- Teresa Wright and Joseph Cotten from "The Age of Innocence"
- Episode no.: Season 2 Episode 8
- Directed by: Arthur Hiller
- Written by: Berne Giler
- Original air date: October 31, 1957

Guest appearances
- Joseph Cotten as Robert Rainey; Teresa Wright as Carol Morton; Maureen O'Sullivan as Julia Williams;

Episode chronology
| ← Previous "The Mystery of Thirteen" | Next → "The Clouded Image" |

= The Edge of Innocence =

"The Edge of Innocence" was an American television film broadcast on November 7, 1957, as part of the CBS television series, Playhouse 90. It aired as the eighth episode of the second season.

==Plot==
A lawyer, Robert Rainey, defends a friend, Lowell Williams, who is charged with murder.

==Production==
Arthur Hiller was the director and Eva Wolas the producer.
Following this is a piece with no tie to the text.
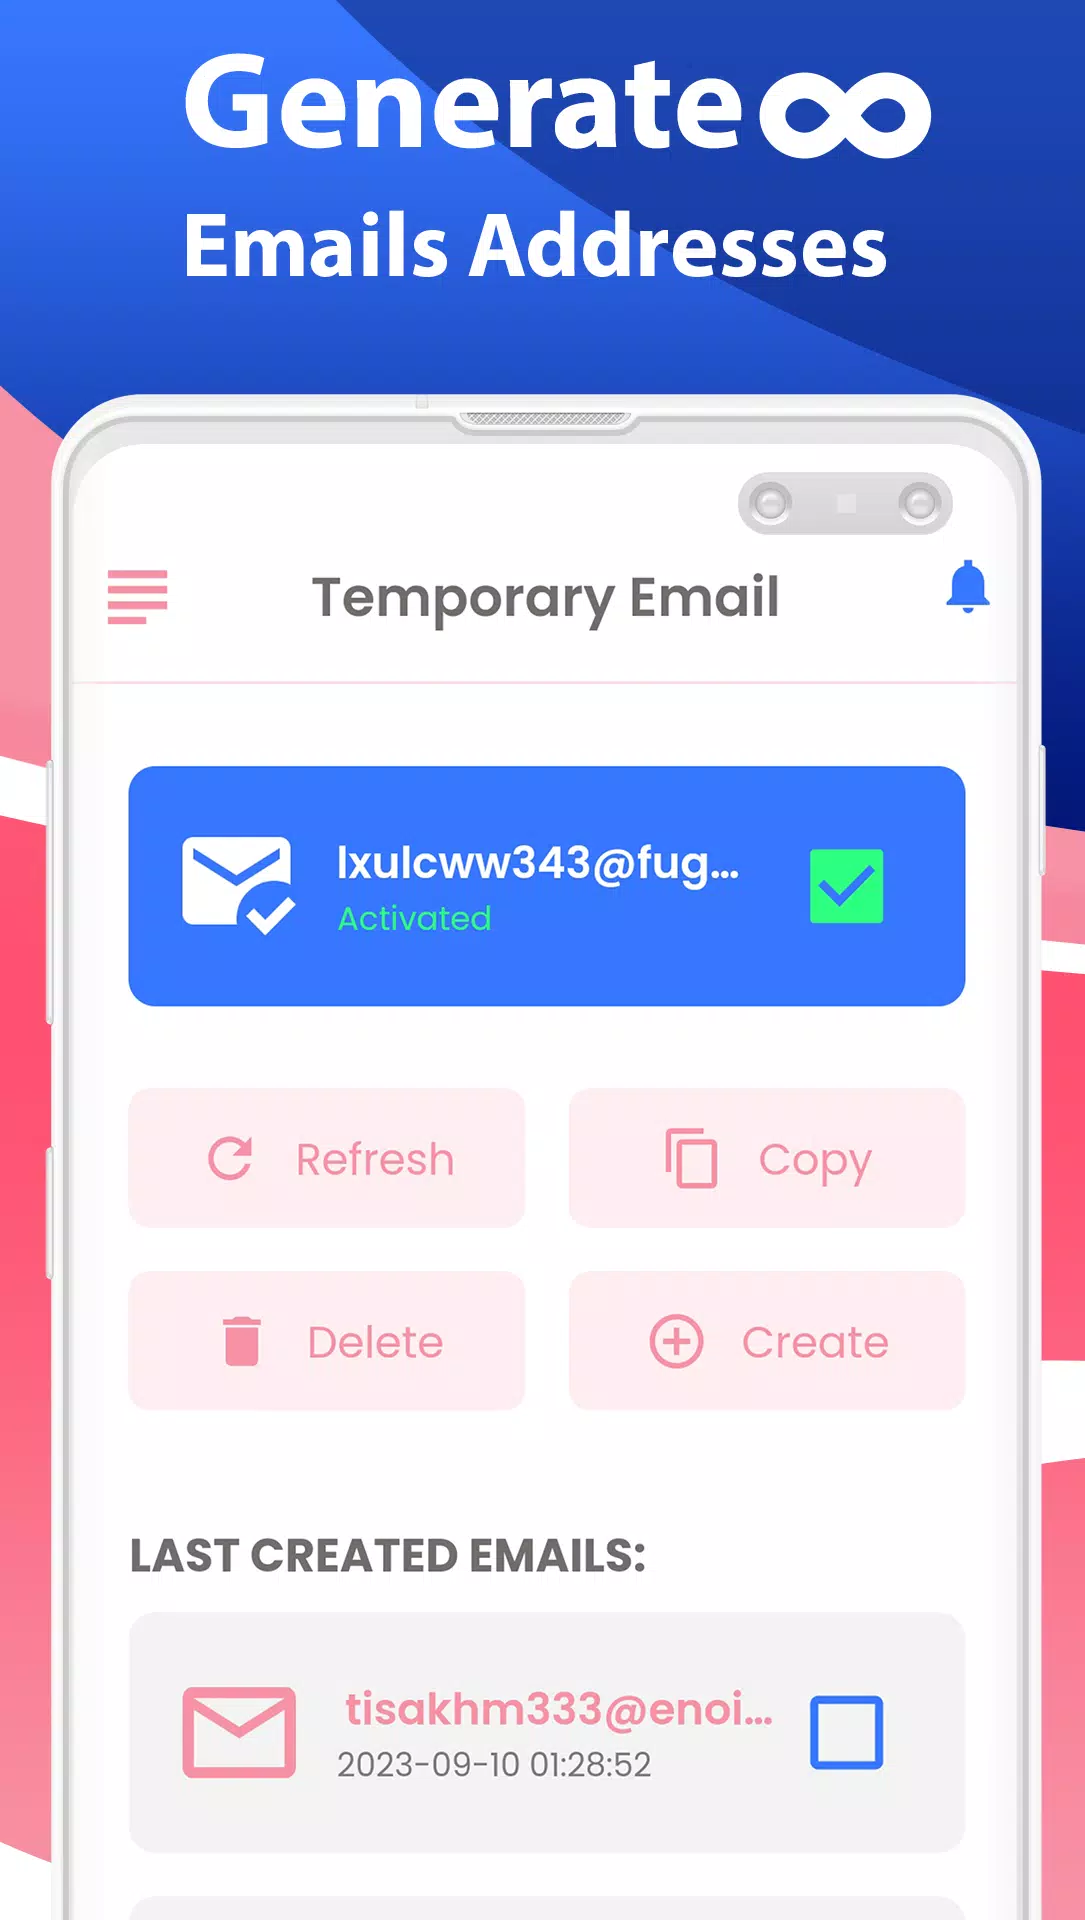 Download do APK de T Mail - E-mail Temporário para Android

Berne Giler wrote the script. The film was produced by Screen Gems for Playhouse 90.

==Reception==
In The New York Times, Jack Gould wrote that "absurdities were plentiful" and Berne Giler's familiarity with legal procedure was "remote" and his knowledge of play-writing "even more distant." He did credit Cotten with "a competent portrayal as a defense attorney."